2. Tax Refund: In principle, refunds are available where excess WHT has been withheld. In practice, however, refunds are administratively difficult for non-residents and rarely granted. They may be possible if the issue is resolved through the courts, but even then, the process remains highly burdensome.
3. Treaty Relief: Where a tax treaty exists, double taxation can potentially be resolved through the Mutual Agreement Procedure.
Conclusion
The evolution of Nepal’s practice on composite contracts reflects a shift from narrow enforcement of Section 89 withholding on offshore supply to a broader doctrine that treats the entire contract as taxable income of the Nepal branch. While this approach simplifies administration for the tax authorities, it risks overreach by disregarding the source principle embedded in Nepali tax law.

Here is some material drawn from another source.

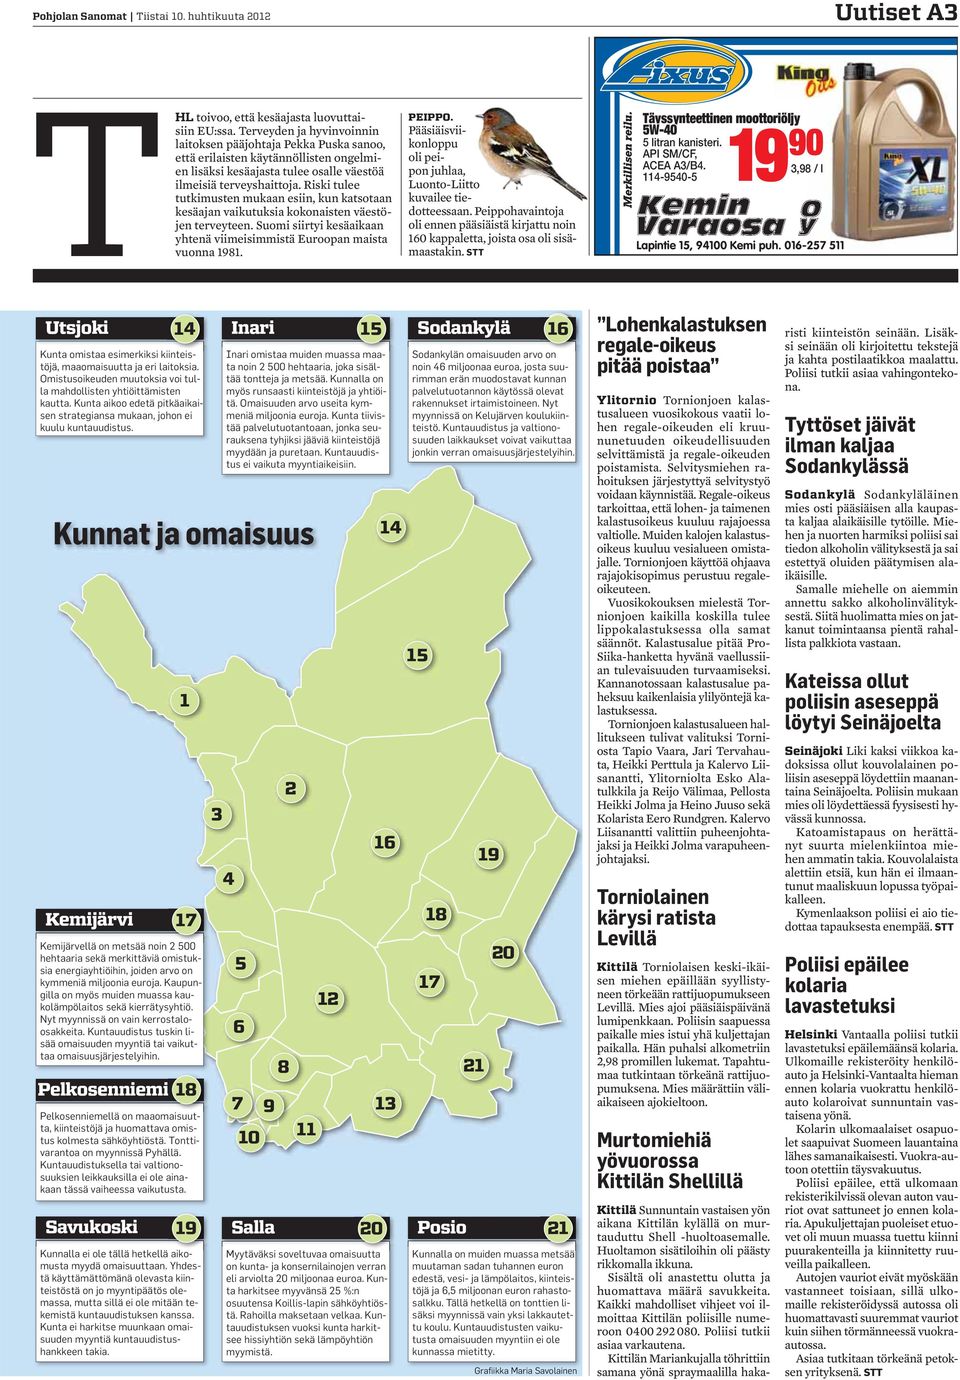 Riski tulee tutkimusten mukaan esiin, kun katsotaan kesäajan vaikutuksia kokonaisten väestöjen terveyteen. Suomi siirtyi kesäaikaan yhtenä viimeisimmistä Euroopan maista vuonna 98. PEIPPO.

The legal position remains that only Nepal-sourced income should be taxable in Nepal. Offshore supply, manufactured and delivered abroad, does not meet this criterion. Until clarified by courts or legislation, foreign contractors will continue to face uncertainty, not over whether tax will be imposed, but over whether the current approach of taxing offshore supply will ultimately withstand judicial scrutiny, and how relief (if any) may be obtained.
Only through consistent alignment between the source principle and the enforcement of Section 89 can Nepal strike the balance between securing tax revenues and maintaining a predictable environment for cross-border investment.